- _WHAT YOU SHOULD DO_
Retype the material that follows exactly, limited to the lines from the one with "Pastel colored rainbow" through the one with "Concrete Top Rectangular", and keep out all pictures.

- _SOURCE MATERIAL_
==================================================

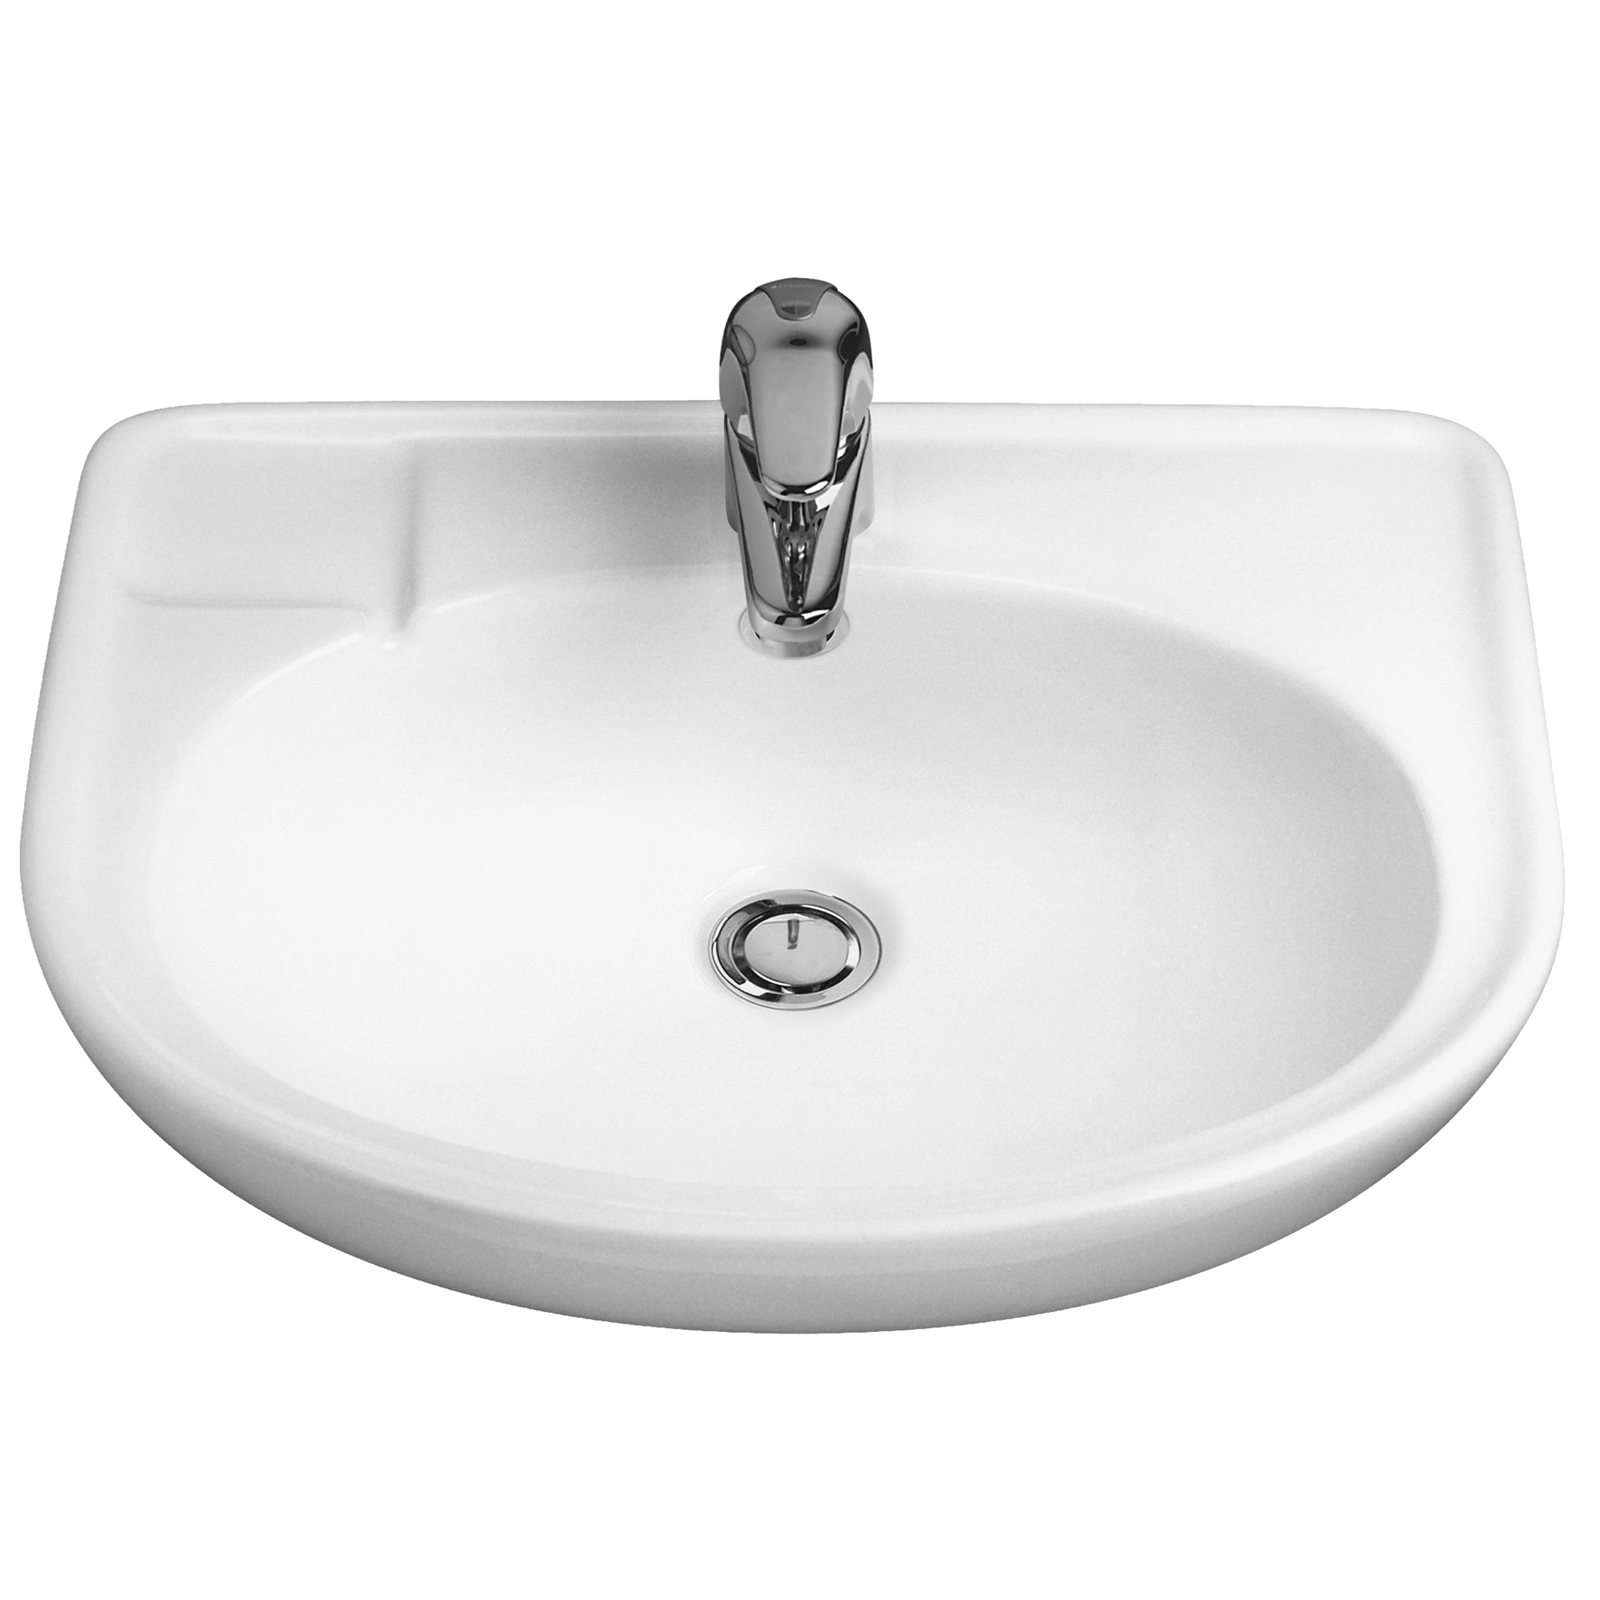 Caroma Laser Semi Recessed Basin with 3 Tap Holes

==================================================

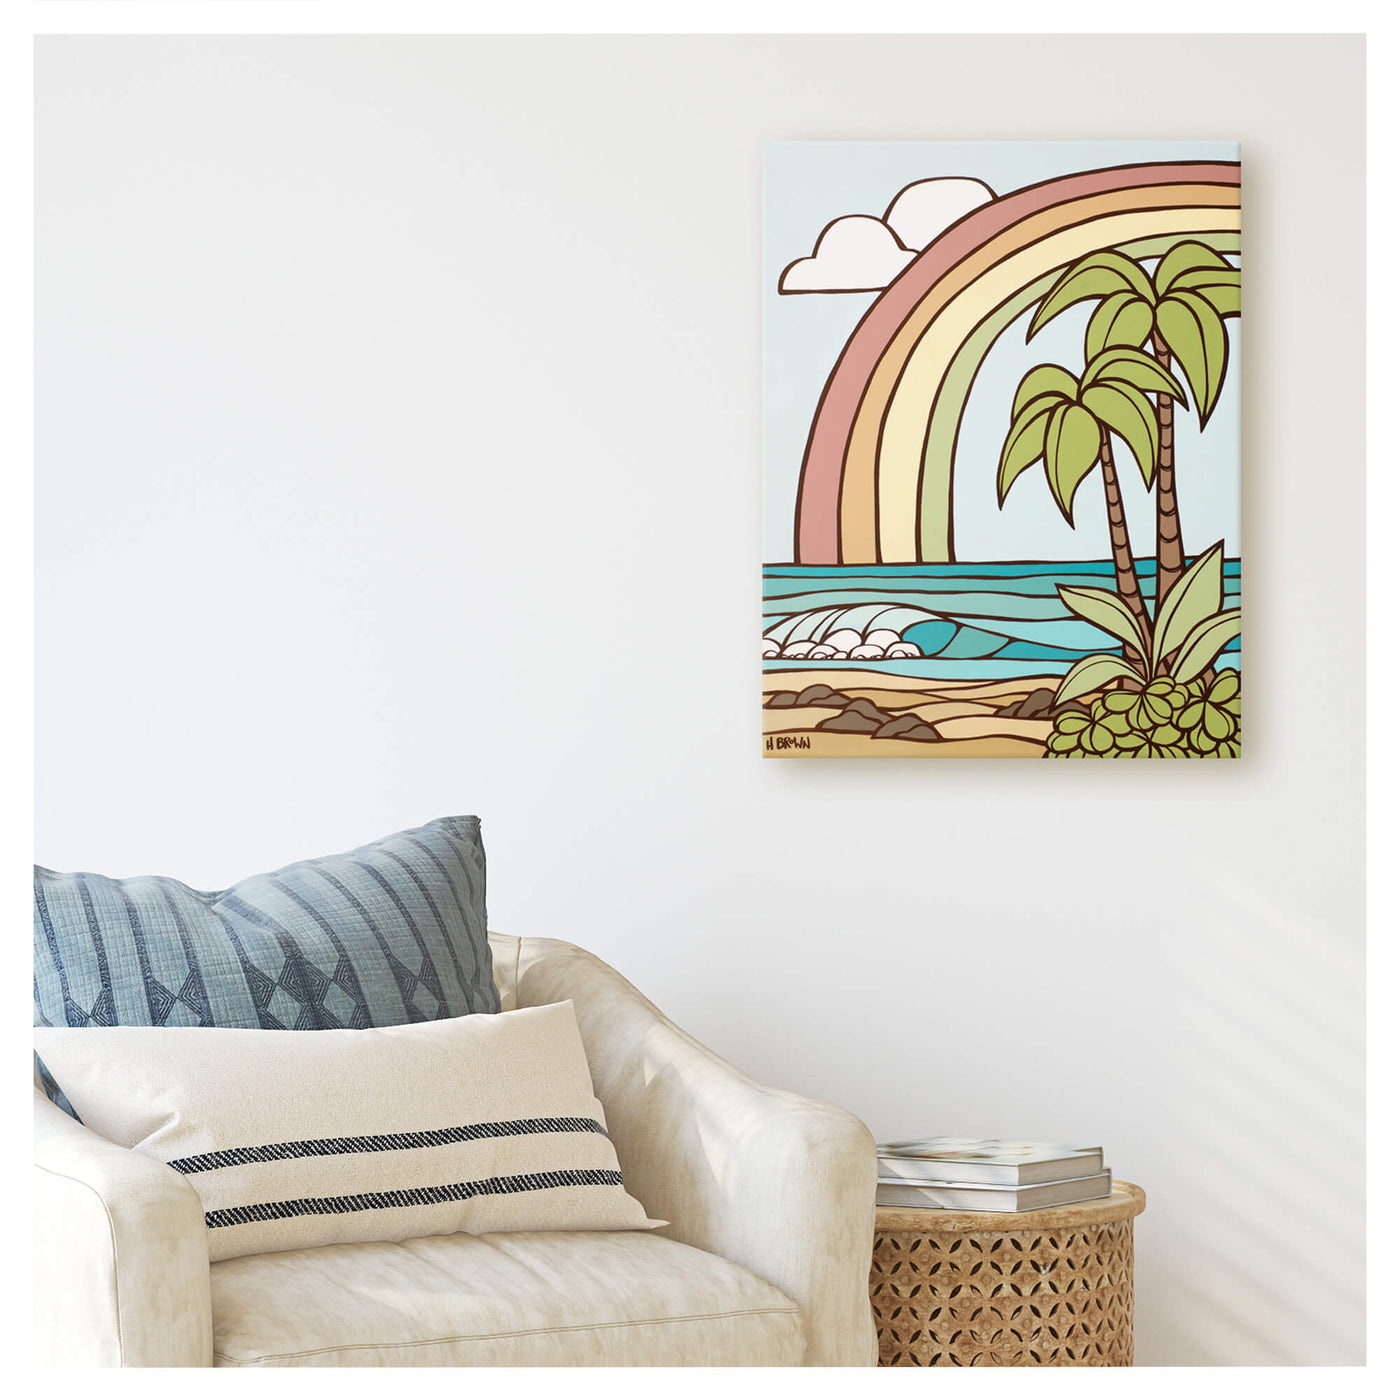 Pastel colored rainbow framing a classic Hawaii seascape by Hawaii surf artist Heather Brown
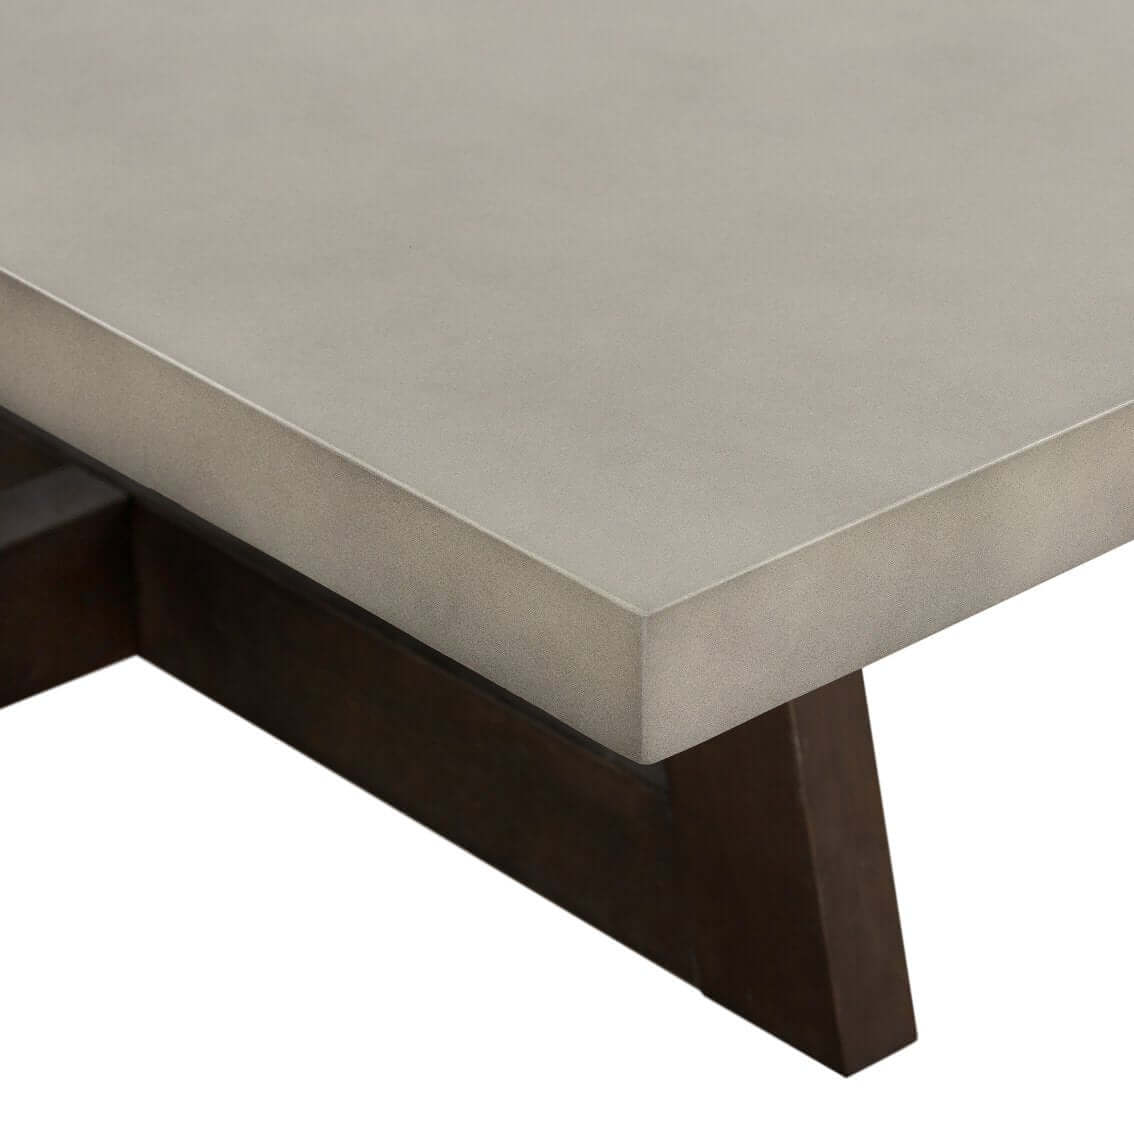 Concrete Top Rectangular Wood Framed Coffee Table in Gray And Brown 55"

==================================================

- _EXPECTED ANSWER_
 Pastel colored rainbow framing a classic Hawaii seascape by Hawaii surf artist Heather Brown
 Concrete Top Rectangular Wood Framed Coffee Table in Gray And Brown 55"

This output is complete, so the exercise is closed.